/udacity-driving-reader

Quick docker based reader for udacity rosbag self-driving dataset. Dumps to png/jpg + csv or Tensorflow examples.

Primary LanguagePythonApache License 2.0Apache-2.0

udacity-driving-reader

Scripts to read and dump data from the rosbag format used in the udacity self-driving dataset(s).

The scripts were setup to run within a Docker container so that I can extract the data from the rosbag format without needing to install ROS on my system. The docker container is built from the ROS kinetic-perception image. I've added python modules and the latest Tensorflow on top of that.

I've run this code on Ubuntu 16.04 and 18.04 with Docker CE installed as per https://docs.docker.com/install/linux/docker-ce/ubuntu/. No other platform has been tried.

Since the original release of this script, this latest iteration has been updated to support bag files with compressed images and bag files that have been split into multiple files by time or topics. With support for this, support for a reordering buffer was added to bag2tf.

The latest versions scan all bag files and extract their info in yaml format before doing a second pass to read the data, this adds some time but provides a mechanism for supporting the variety of bag formats and splits now being used in the datasets. The info yaml files are also dumped as part of the bagdump process.

Installation

Checkout this code and run in place. I have not pushed docker container to hub.

Usage

Build the docker container manually or using ./build.sh before executing any of the run scripts.

Run one of the run scripts for dumping to images + csv or Tensorflow sharded records files.

This and future versions of the scripts expect all datasets to exist in SEPARATE folders with only bag files for the same dataset in each folder. The input folder should thus be a folder with one folder per dataset. The bagdump script will mirror those input folders in the output, while the bag2tf will combine them all into one sharded stream.

The paths passed to the run scripts are used as docker volume mappings. These paths must be absolute paths on your local filesystem (relative to the root). Keep this in mind if you try to change the input/output args.

Dump to images + CSV

./run-bagdump.sh -i [absolute dir with folders containing bag files] -o [absolute output dir] -- [args to pass to python script]
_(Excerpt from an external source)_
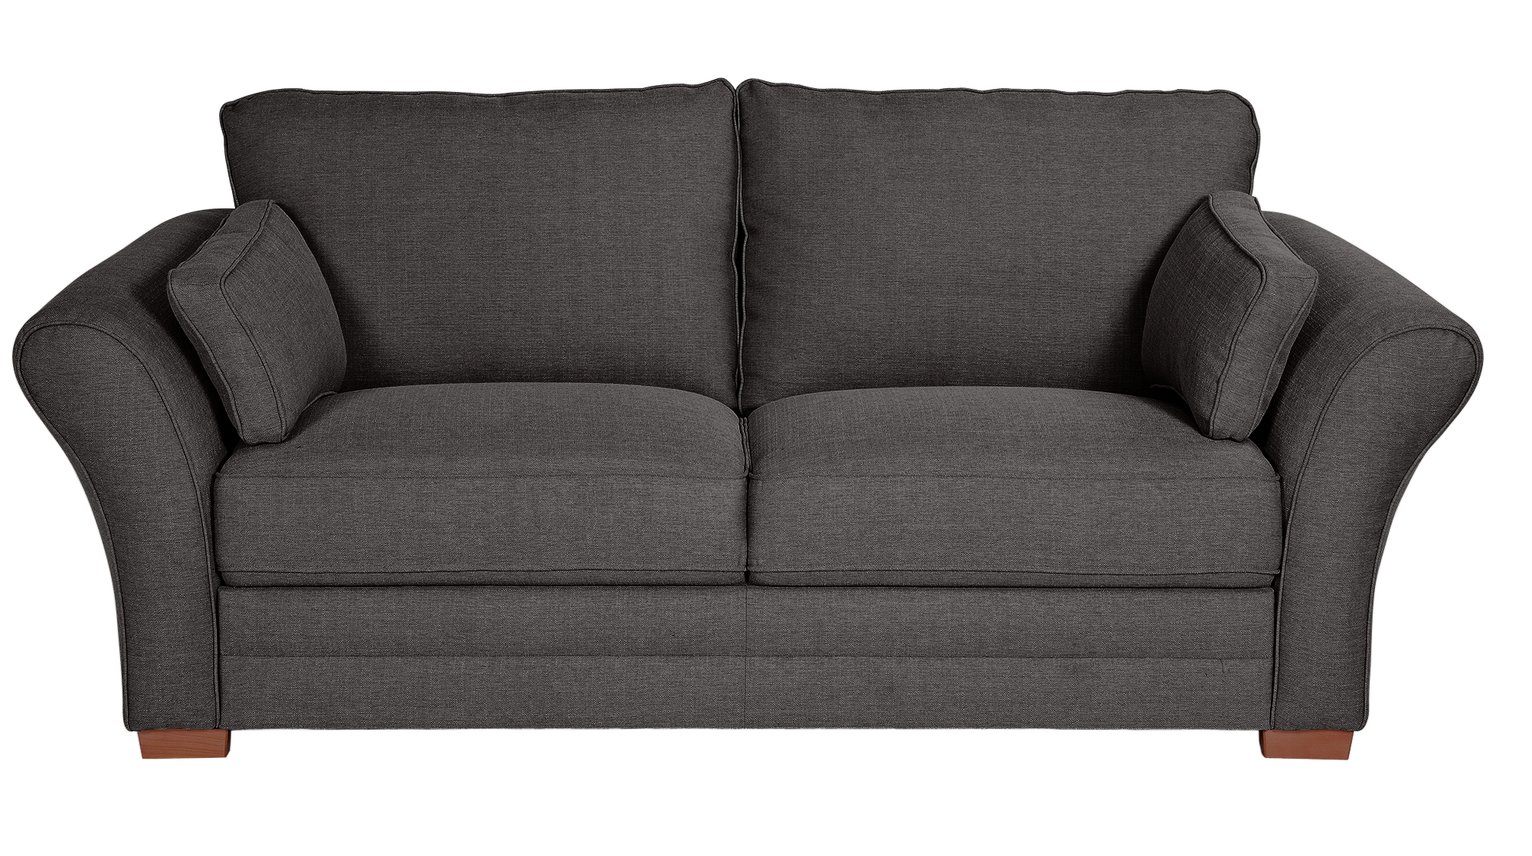 Argos Home Thornton 3 Seater Fabric Sofa - Charcoal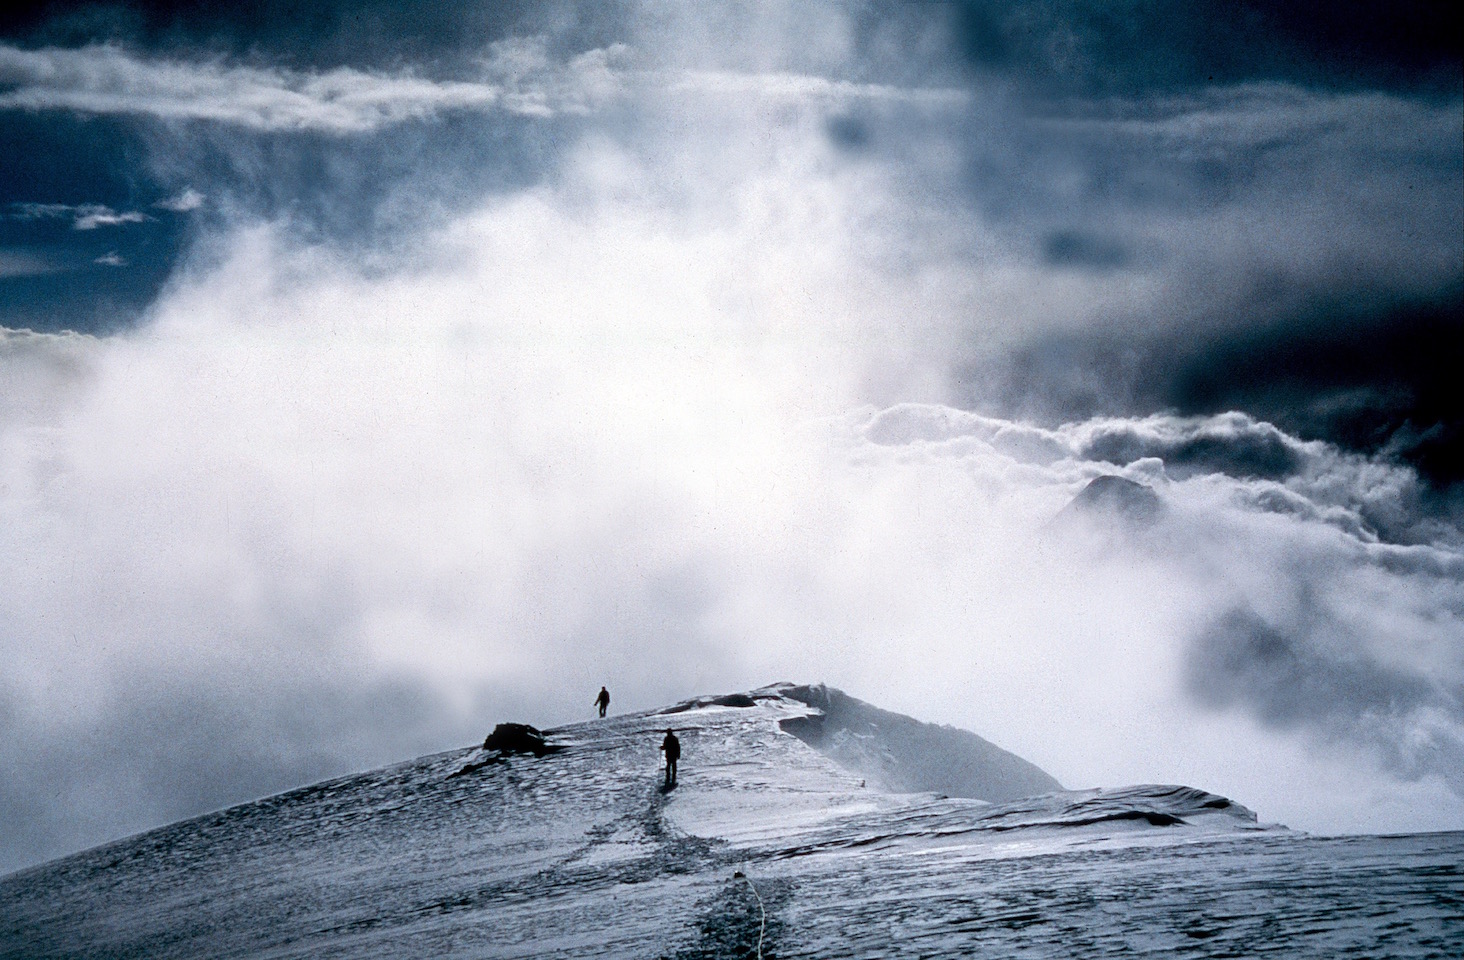 a snowy scene of two people far away hiknig on a glacier

For example, if your dataset bags are in /data/dataset2-1/dataset.bag, /data/udacity-datasetElCamino/*.bag etc., and you'd like the output in /output:

./run-bagdump.sh -i /data -o /output

The same as above, but you want to convert to png instead of jpg:

./run-bagdump.sh -i /data -o /output -- -f png

Dump to Tensorflow sharded files

Same basic arguments as for bagdump above. There are some additional arguments of note to pass to the python script.

The default arguments write all cameras into the same sharded stream along with latest steering entry. To write images to three separate streams, one for each camera, add an -s (or --separate) argument.

i.e.

./run-bag2tf.sh -i /data -o /output -- --separate